Twin detectors recently installed in the first of three experimental halls in the Daya Bay Reactor Neutrino Experiment are now recording interactions of elementary antineutrinos produced by powerful reactors at the China Guangdong Nuclear Power Group power plant located about 55 kilometers from Hong Kong.
China and the U.S. lead the Daya Bay Reactor Neutrino Experiment, which also includes participants from Russia, the Czech Republic, Hong Kong, and Taiwan and the event marks the first step in the international effort to measure a puzzling property of neutrinos and antineutrinos that may underlie basic properties of matter and why matter predominates over antimatter in the universe.
Theories state that equal portions of matter and antimatter were created during the Big Bang but we know today matter prevails. "Right now there is not a good understanding of what causes the matter-antimatter imbalance in the universe," says Karsten Heeger, a University of Wisconsin-Madison physics professor and one of the scientists in the experiment. "We live in a world of matter and don't know where all the antimatter went."
Using antineutrinos as a probe, the Daya Bay experiment seeks to understand how the difference came about by measuring with unprecedented precision a crucial type of transformation called neutrino mixing. Neutrinos come in three types or "flavors" – electron, muon, and tau – that can morph or oscillate from one form to another as they travel through space and matter. Two of the oscillations have been studied but one transformation of electron neutrinos (called θ13 or theta one-three) has not been measured.

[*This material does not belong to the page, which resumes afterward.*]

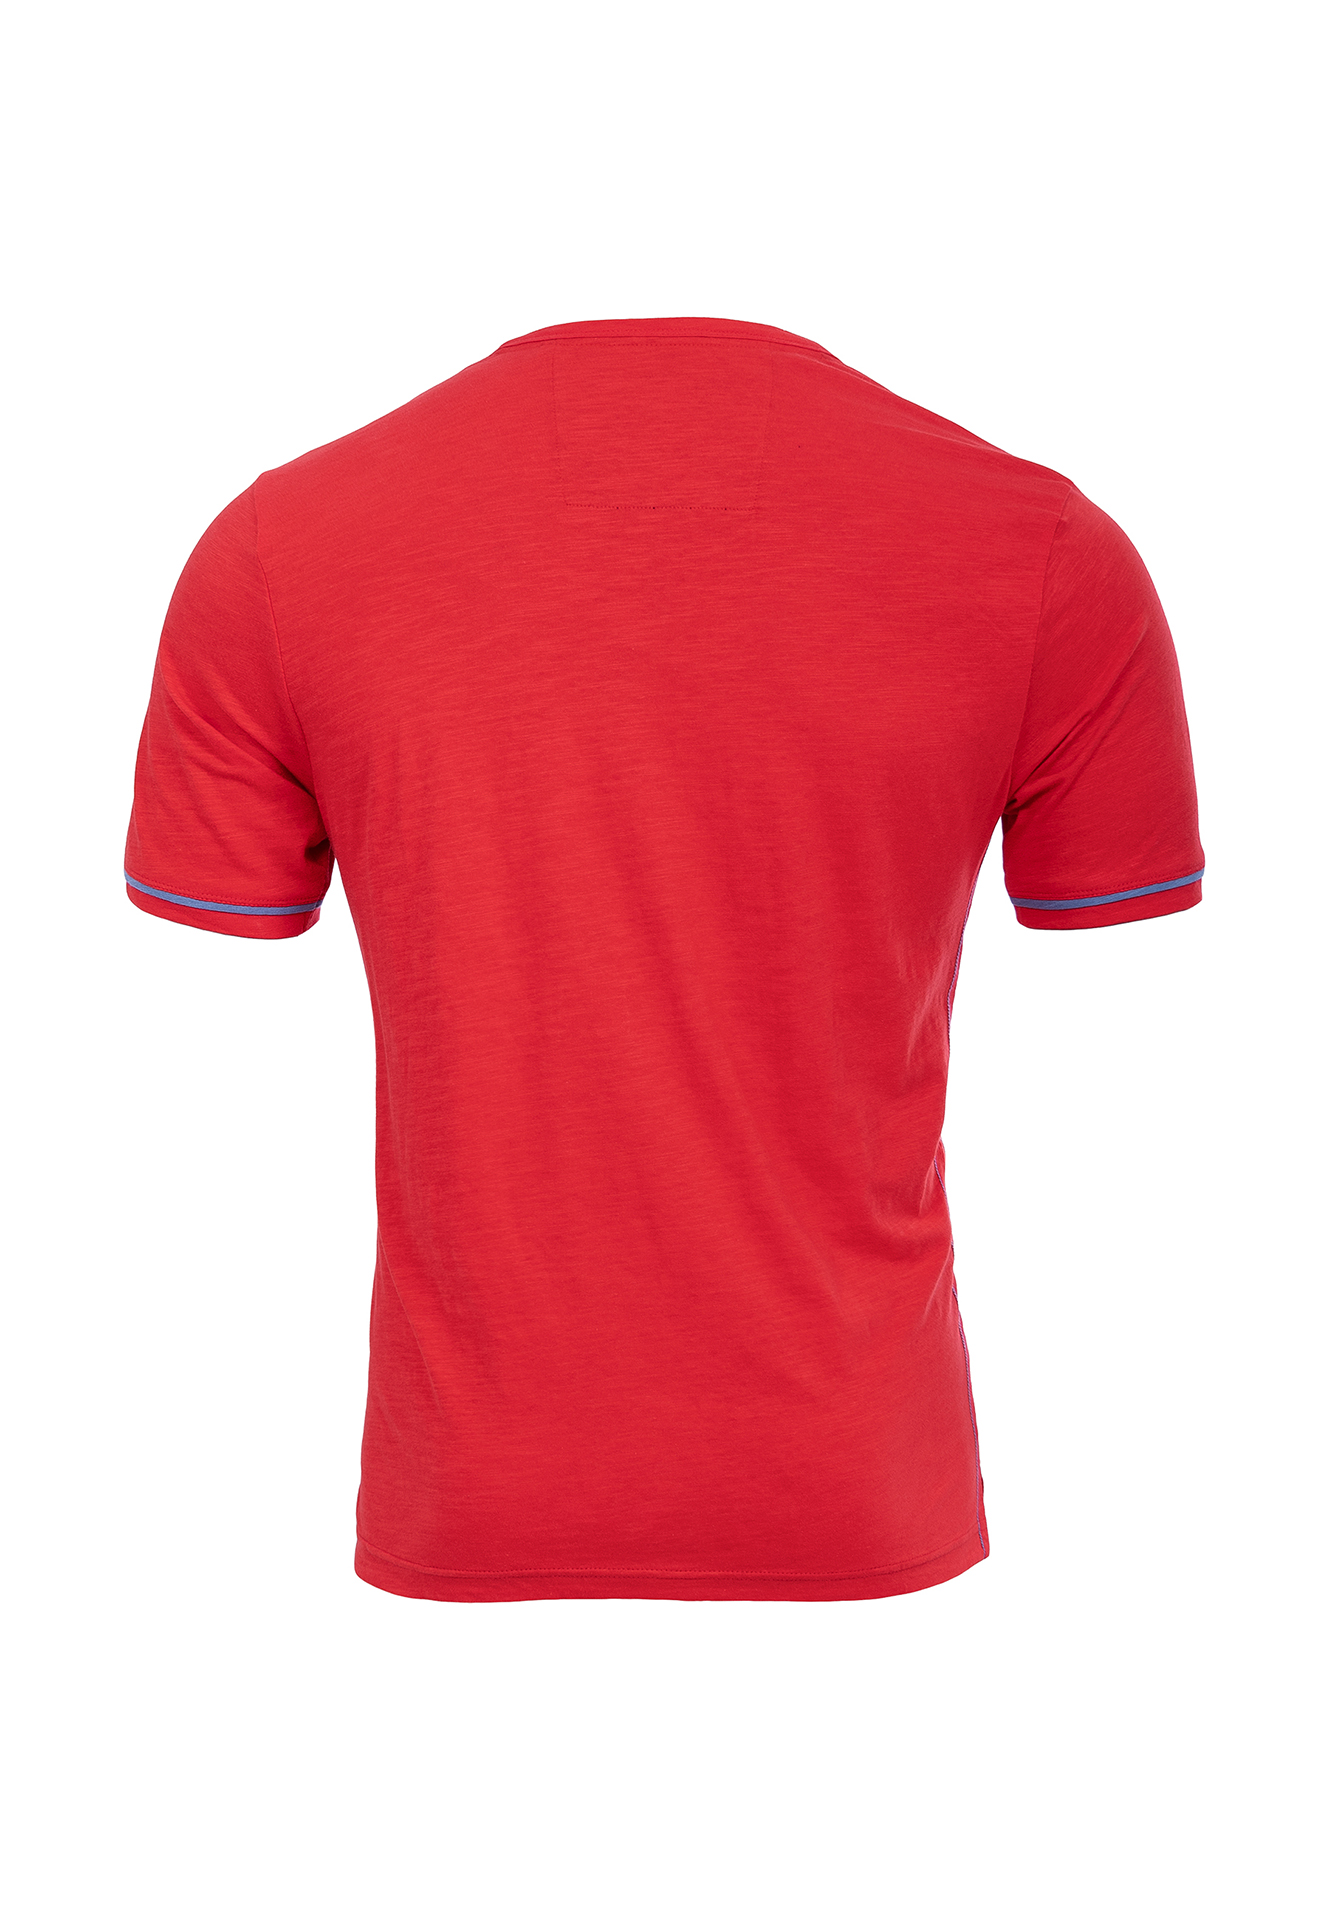 Questo Shirt Eugen racing red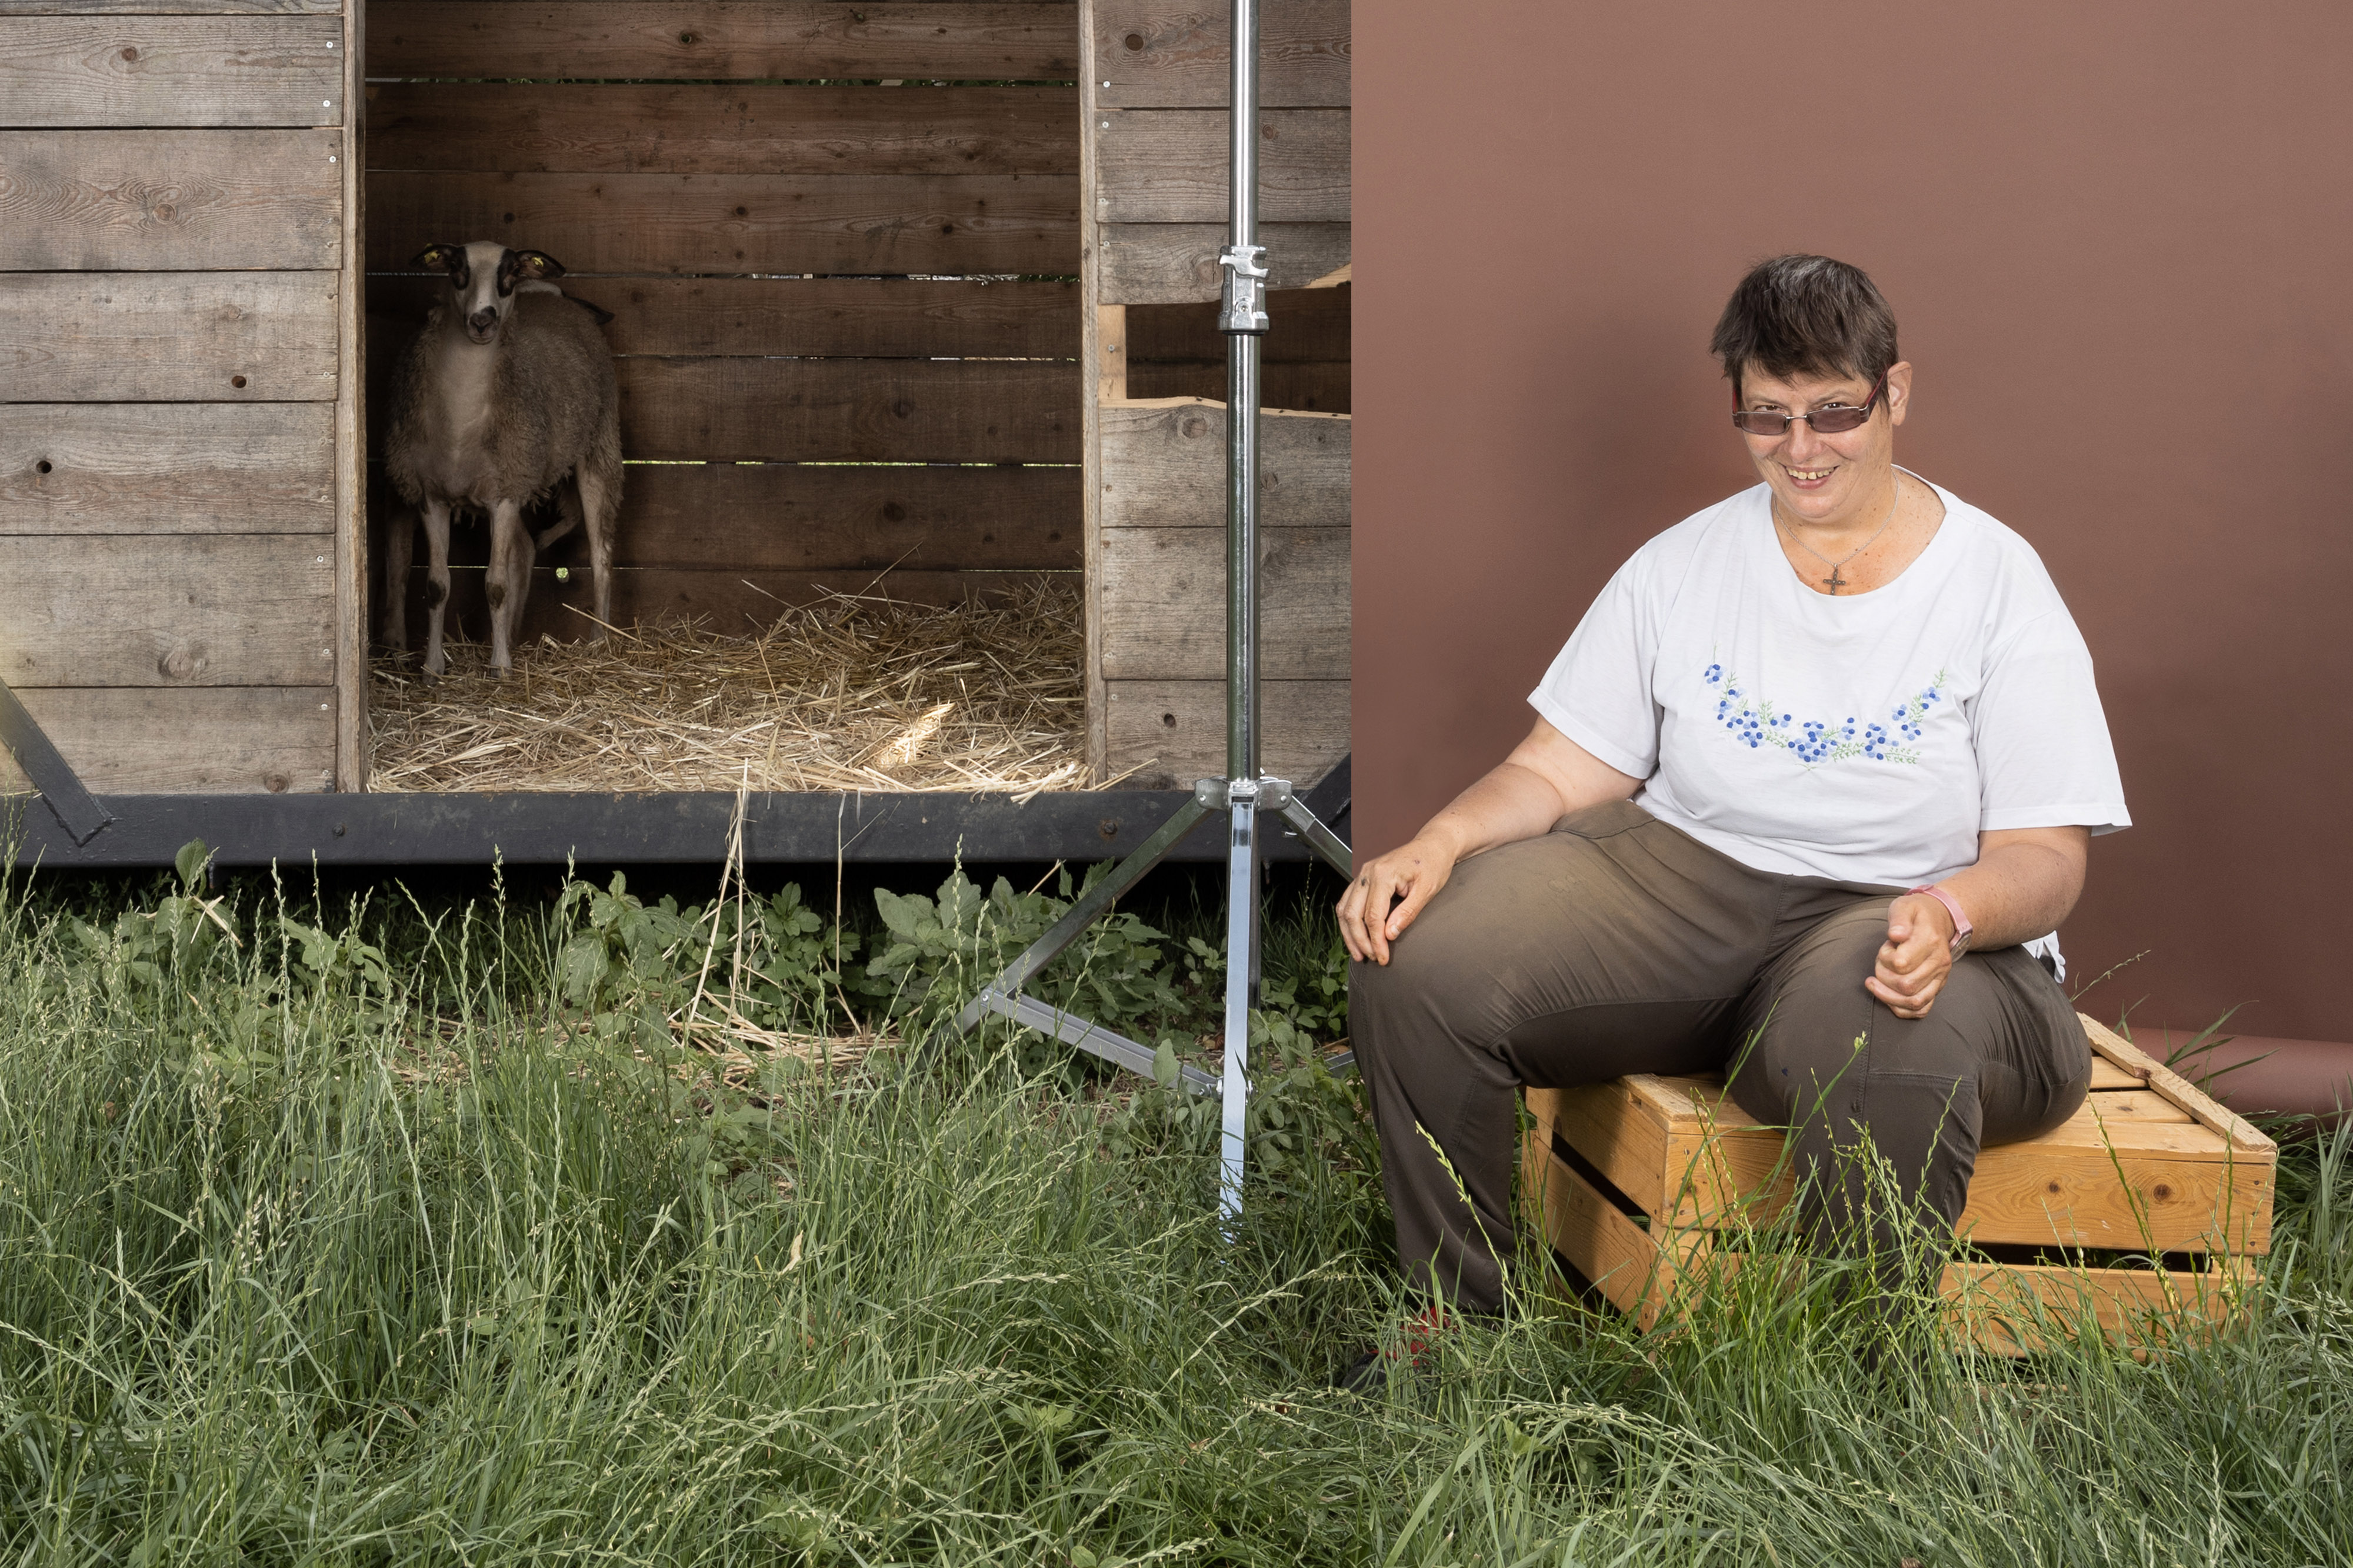 Ein Foto aus dem Buch "Ohne Milch und Zucker". Rechts sitzt Nicole Leuenberger auf einer Holzkiste vor einer brauenen Leinwand, links daneben sieht man ein Schaf.

Because they are tiny and uncharged, neutrinos and antineutrinos can pass through even huge amounts of matter such as the planet Earth with no interactions, a property that makes them very difficult to detect and study. The large size and sensitivity of the detectors and power of the reactors at Daya Bay will provide the best opportunity to date to collect enough antineutrinos to precisely measure the last unknown neutrino mixing angle.
"The results will be a major contribution to understanding the role of neutrinos in the evolution of basic kinds of matter in the earliest moments after the Big Bang, and why there is more matter than antimatter in the universe today," says co-spokesperson Kam-Biu Luk of the U.S Department of Energy's Lawrence Berkeley National Laboratory and the University of California at Berkeley.
The massive antineutrino detectors are positioned underground and submerged in pools of ultrapure water to shield them from cosmic rays, natural sources of radiation, and other background signals. When completed, the experiment will consist of eight 125-ton antineutrino detectors, two each in two experimental halls near the Daya Bay and Ling Ao nuclear power reactors and four in a far hall about two kilometers away.
"By having these different locations, we can see the neutrinos at different distances from the reactors and how they change as they travel through space," says UW-Madison's Heeger, who is the U.S. manager for the antineutrino detectors.
Heeger has worked on the experiment for the past eight years and since 2006 his group in the physics department has been responsible for much of the design and development of the antineutrino detectors. Together with engineers from the UW-Madison Physical Sciences Laboratory (PSL), they developed the acrylic target vessels in the interior of each detector, developed precise calibration of the target liquids, modeled the integration of all detector components, and are providing oversight of the assembly and installation process currently underway in China.
The next two detectors are now being assembled in the second experimental hall and are expected to come on line early this fall. The remaining four detectors will be completed next year.